Day 6: 15 June 2002 - "Read to me Naked." »
Day 5: 14 June 2002 - "Worshipping the estufa"
I shared a bed with Pato and Tamara that night and when we woke up in the morning, we huddled together, refusing to leave the bed. Most Chilean houses, at least those north of Region X, don't have central heating. Instead they have a collection of estufas (space heaters), which they move around the house wherever the family goes. The lack of central heating may be the reason that most Chileans have televisions in the bedrooms rather than in a communal family room. This way, they can spend their cold winter evenings curled up in bed, watching TV.
Rancagua, although only 1.5 hours south of Santiago, seemed infinitely colder. This was probably only because of the big house and lack of central heating, but we spent most of the day blanketed up and cuddling together. At one point, we stepped outside and realized that it was noticeably warmer there.
Finally, someone encouraged the dogs to jump on us, so we had to get up and shower, get dressed, and eat breakfast. At breakfast we huddled around the estufa, fighting for its attention. I took a short shower, since no one wants to be wet for long in that cold.
I bundled up, then we went into downtown Rancagua. The car was having brake problems, so we left it at the mechanic's and walked around town, shopping. Pato tried to get me to buy a jacket with what looked like squirrel fur trim, we heard a dance-remix of "Old McDonald Had a Farm" playing in one of the shops, and I found a lovely enormous scarf/shawl thing, which was very helpful for wrapping up in back at the house.
As we walked around downtown, I was amazed by the numbers of stray dogs wandering around. It made me wonder if we didn't have that problem because of Bob Barker. That would be odd. They don't really seem to bother anyone, but because of them, many Chileans have a metal basket on a pole on their lawn extension. Rather than putting their garbage bags on the ground, where the dogs can get at them, they put them up above the dogs' reach.
After shopping, we went back to the house and met Soledad and Teddy's other daughter, Angie, who, I believe, goes to college in Santiago. We went out and rented videos and brought them back to the house. We brought the estufa into Soledad and Teddy's room, curled up in the bed, and watched 10 Things I Hate About You. I always forget how very stupid and juvenile the poem that the main character writes is. "Is the poem that the main character writes"? I can't even write English, so I don't know how I'm going to teach it. Anyway...

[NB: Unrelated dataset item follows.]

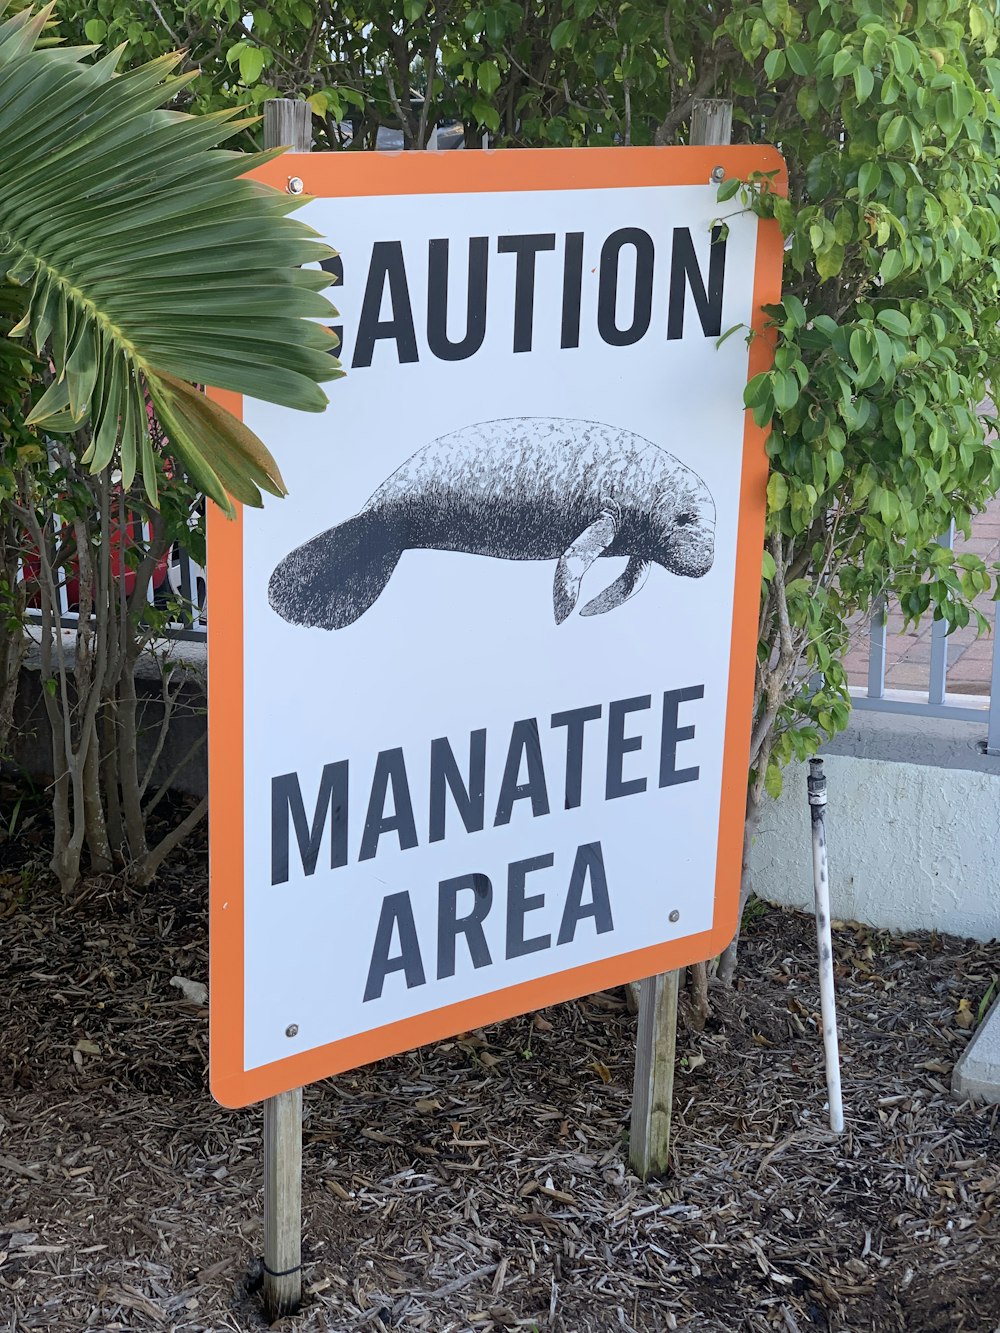 Caution Manatee area sign

After Ten Things... and the beginning of The Stupidest Movie Ever (well, okay, maybe not ever, but I don't think it's the cinematic masterpiece some people seem to think it is...), the time came to "make an appearance" at the local discoteca. Tamara had gone with her friends and had gotten us tickets as well. We were rather tired, but we said we'd come for a while. On the way, the aunts decided they didn't want to make another trip, so we were going to have to stay till 4am and come home with Tamara. Yikes.
We felt a bit out of place at the club, because everyone there was either about 16 or a 30-something man. We had a few additional handicaps: me because I'm a gringa and Pato because he's been gringofied by his time spent in the US. Unbeknownst to us, a trend had swept the nation in Pato's absence: Axe Bahia. This, apparently, is some mostly-naked Brazilian-inspired dance group. Before their invasion, Chile was a perfectly normal country, with a host of original dances and dance clubs where you did what you liked. The curse that Axe Bahia brought with them: choreography. Every song at the dance club had its very own dance with its very own moves. The young chilenos and chilenas knew all of the steps and we were left trying to mimic them and failing miserably. We danced for a while, trying to ape the skilled dancers on the floor, but we kept giving up and retreating to watch everyone else. We did make another attempt later when they started playing old gringo music that hadn't yet been Bahiafied - 80s music, the Grease megamix and things like that.
We did a lot of standing around and shivering. It was amusing to see the Chilean kids out there in jackets and scarves, dancing the night away. Tamara and her friend were wearing sleeveless tops, but even dancing as much as they were, I couldn't see how they could handle it. After a bout of maniacal hopping around to "Hey Micky" (or whatever that 1980s cheerleader song is), my lungs hurt the way they do when I try to run somewhere in the cold and breathe in too much cold air. I had to retreat and sit down.
Anyway, we lasted until 4am, when we went home, had some tea and sandwiches and went to bed, reeking of cigarette smoke and very cold and tired.